Look, it pains me as much as anyone, but the chances of Mazda building a true rotary-engined successor to the RX-7 are pretty slim. Launching a relatively thirsty combustion model just as everyone else is going electric might make a small band of enthusiasts cheer, but it’s not a great corporate look in the early 2020s.
Mazda isn’t ready to let sports cars go entirely though. Rumours circulate of an electrified follow-up to the MX-5, and now Mazda has revealed the new Vision Study, giving us hope that exciting cars won’t disappear entirely.

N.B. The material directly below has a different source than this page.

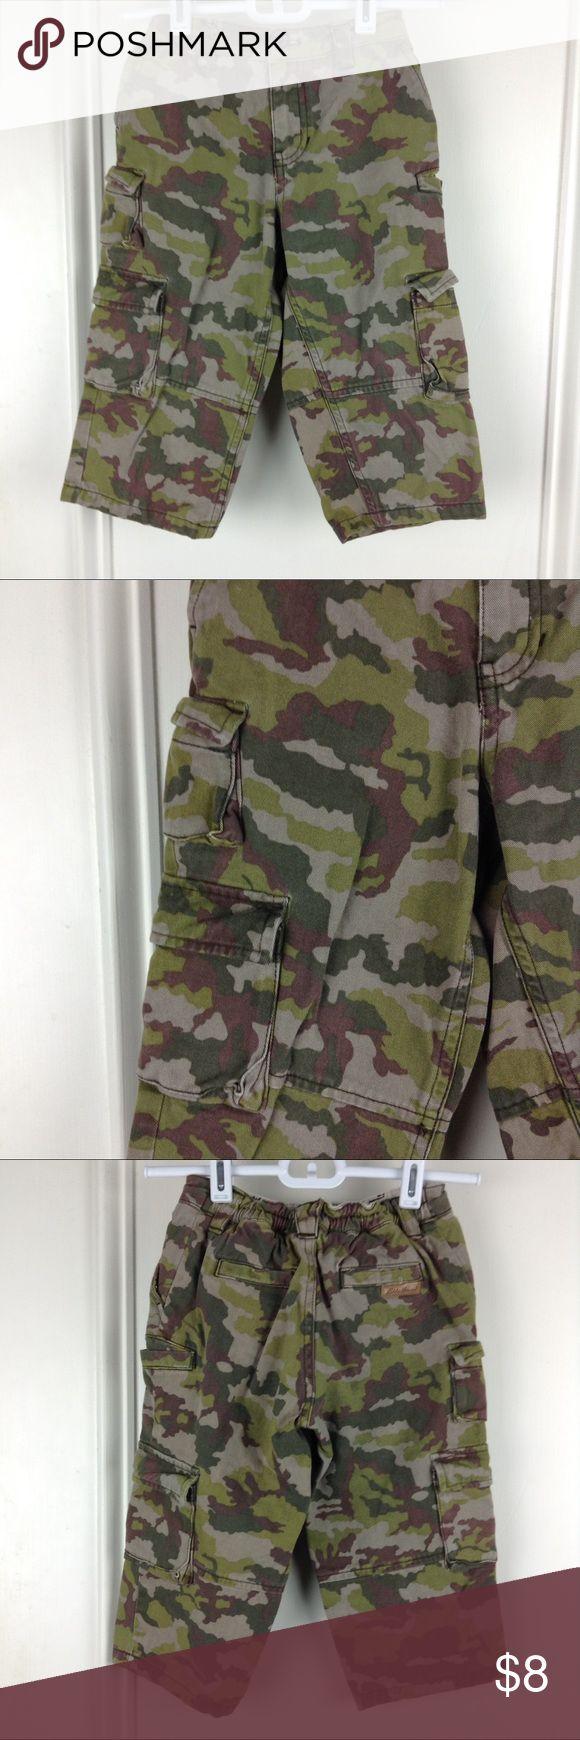 """Eddie Bauer Boys Tan Camo Cargo Pants 2T Eddie Bauer boys tan and green camo cargo pants. Size 2T. 19"""" waist, 7.5"""" rise, 12 inseam. PS56 Eddie Bauer Bottoms Casual"""

Realistically, even the Vision Study is unlikely to happen in the form we see it here, and the cynic might suggest it’s been drawn up as a way to sell Mazda’s dry “mid-term plan and management policy up to 2030”. Look at the shiny car!
The 2030 plan is obviously very sensible: Mazda wants to be resilient in a changing automotive market, reduce costs, bolster supply chains, and continue research and development in relevant areas.
Between 2025-2027 the brand will increasingly concentrate on electrification, something that will continue further beyond 2027 and into 2030, and is doing so primarily with a small band of suppliers, rather than the route much of the rest of the industry is taking, which involves jumping into bed with other large automakers and spreading costs. Mazda has long been fiercely independent, and it looks like that isn’t about to change significantly even as the industry evolves around it.
There’s also a note in the 2030 plan about developing “human-centric advanced driver assistance technology”. Normally we’d utter such a phrase through gritted teeth, but given Mazda is one of few brands to have prioritised function above flash in recent years, perhaps we can actually trust the “human-centric” aspect of their driver assistance tech.
Anyway, enough of all that: it’s Pretty Car Time again. There’s more than a hint of RX-7 in the Vision Study’s flowing lines, though it’s more cab-forward than the final FD-generation RX-7 (an example of which your author owns), and indeed the RX-Vision concept shown at the Tokyo Motor Show in 2015.
That car used a 2.6-litre, naturally-aspirated ‘Skyactiv-R’ four-rotor Wankel engine, but other than fleeting appearances in Gran Turismo games, Mazda soon went quiet on the car – it has served more as design direction for the subsequent Mazda range than any serious look at a future sports car.
Expect the same with the Vision Study, which Mazda says “expresses Mazda’s commitment to continue building cars that evoke excitement.” You can interpret it mostly as a stylistic hint as to what the next MX-5 might look like, in details if not in form – not least as the Vision Study is a coupé and Mazda is resolute in its desire to keep the MX-5 an open-topped car.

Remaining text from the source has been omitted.